On 01/05/2014 11:19 AM, Roger Critchlow wrote:
> Bob Altemeyer's research on right-wing authoritarian (RWA) personalities
> -- pdf at http://home.cc.umanitoba.ca/~altemey/
> <http://home.cc.umanitoba.ca/%7Ealtemey/> -- finds that high scoring
> RWAs suffer from severe cognitive disabilities which essentially render
> them immune to reason.  (Note that "right-wing" here is a technical term
> meaning "adherent of the status quo".)
> 
>     But research reveals that authoritarian followers drive through life
>     under the influence
>     of impaired thinking a lot more than most people do, exhibiting
>     sloppy reasoning,
>     highly compartmentalized beliefs, double standards, hypocrisy,
>     self-blindness, a
>     profound ethnocentrism, and--to top it all off--a ferocious
>     dogmatism that makes it
>     unlikely anyone could ever change their minds with evidence or logic.

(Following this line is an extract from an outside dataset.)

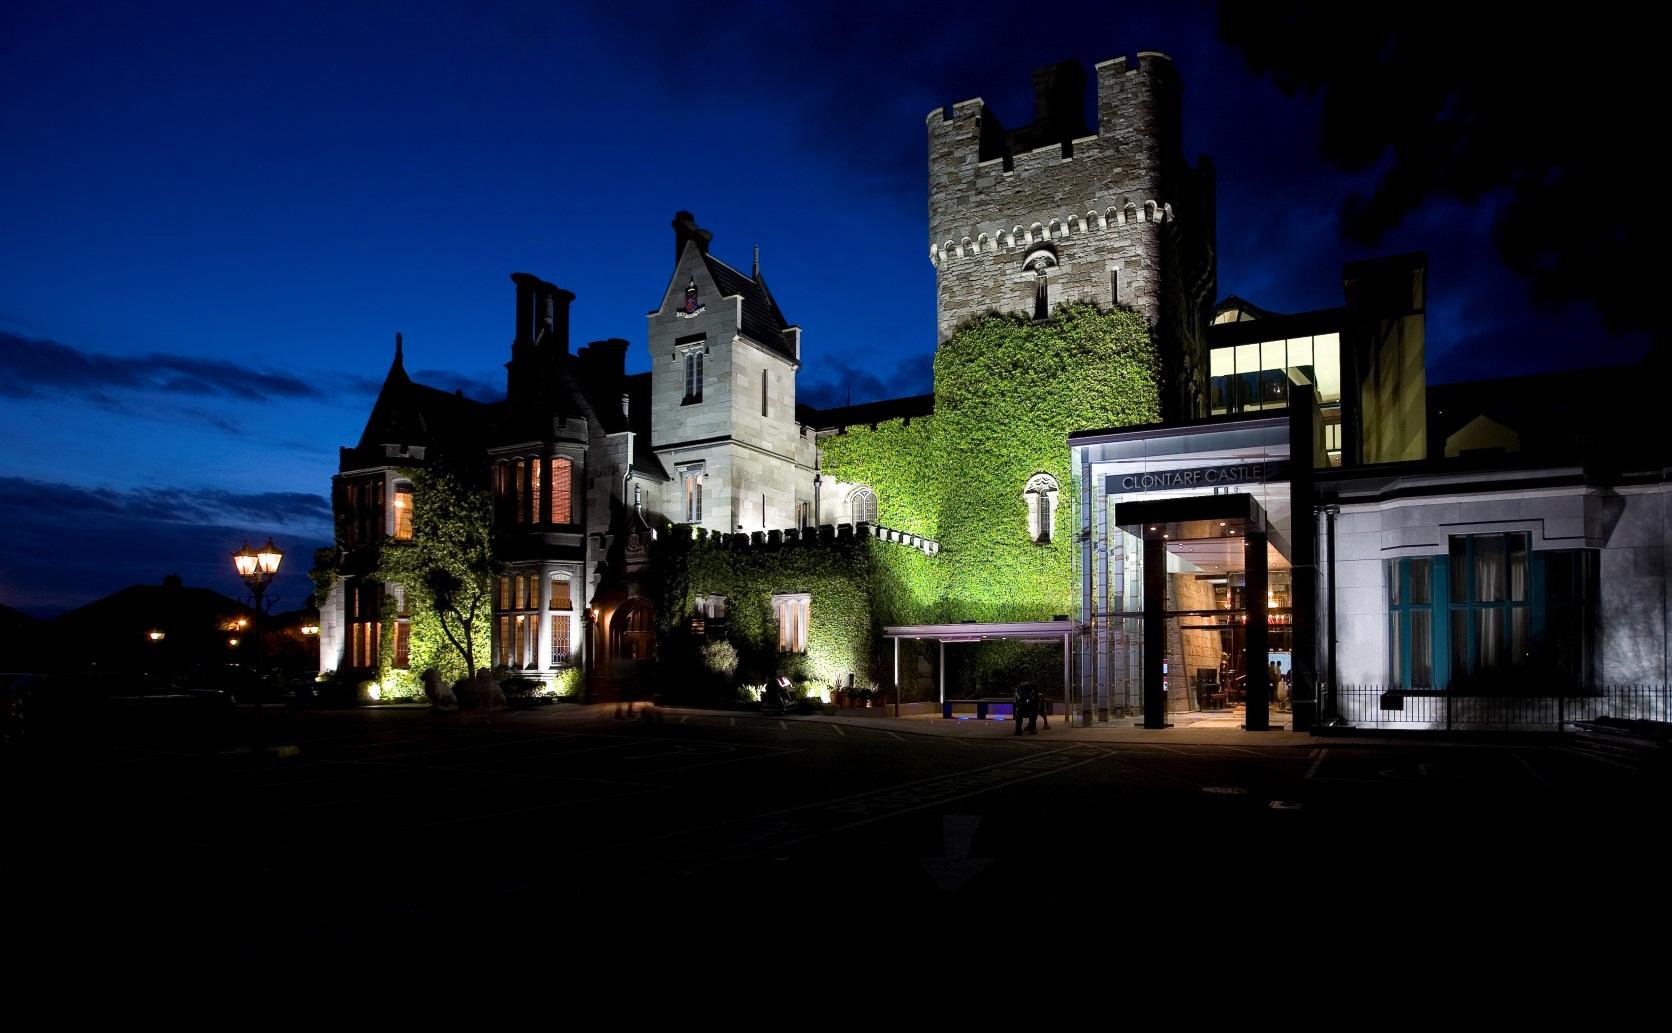 Hotel Suites Dublin Ireland

Excellent!  This helps refine "reasoning about reasoning" in the way
that worries me.  The idea being that a "brain in a vat" might still be
rational in some technical/strict sense of the word.  But that's not
what normal people mean when they _use_ the word "rational."  What
normal people mean is a combination of the ability to "think well" and
be open to multiple options.  It seems like the "openness" is the
fulcrum of the concept.

One of the aspects that worries me most is the _surety_ with which most
people go about their daily thinking.  But I find this in lots of people
who would normally be considered quite rational.  To me, it doesn't much
matter how intelligent one is, or how many facts they may claim to have
at their fingertips.  What matters is the confidence with which they
hold their own beliefs.  The more confident you are, the _less_ rational
you are.

> Just because there is a reason to be a lynch mob doesn't make a lynch
> mob reasonable.  I think you're confounding the rationality of
> explanation with the rationality of the explained.

I don't know what you mean, here, which probably means you're right
about my conflation. ;-)  The use of "reason" to mean _cause_ seems like
an abuse of the word.  So, I read what you write as "Just because there
is cause to be a lynch mob doesn't make a lynch mob reasonable."  And, I
fully agree with that rewriting.  But I don't know that's what you meant.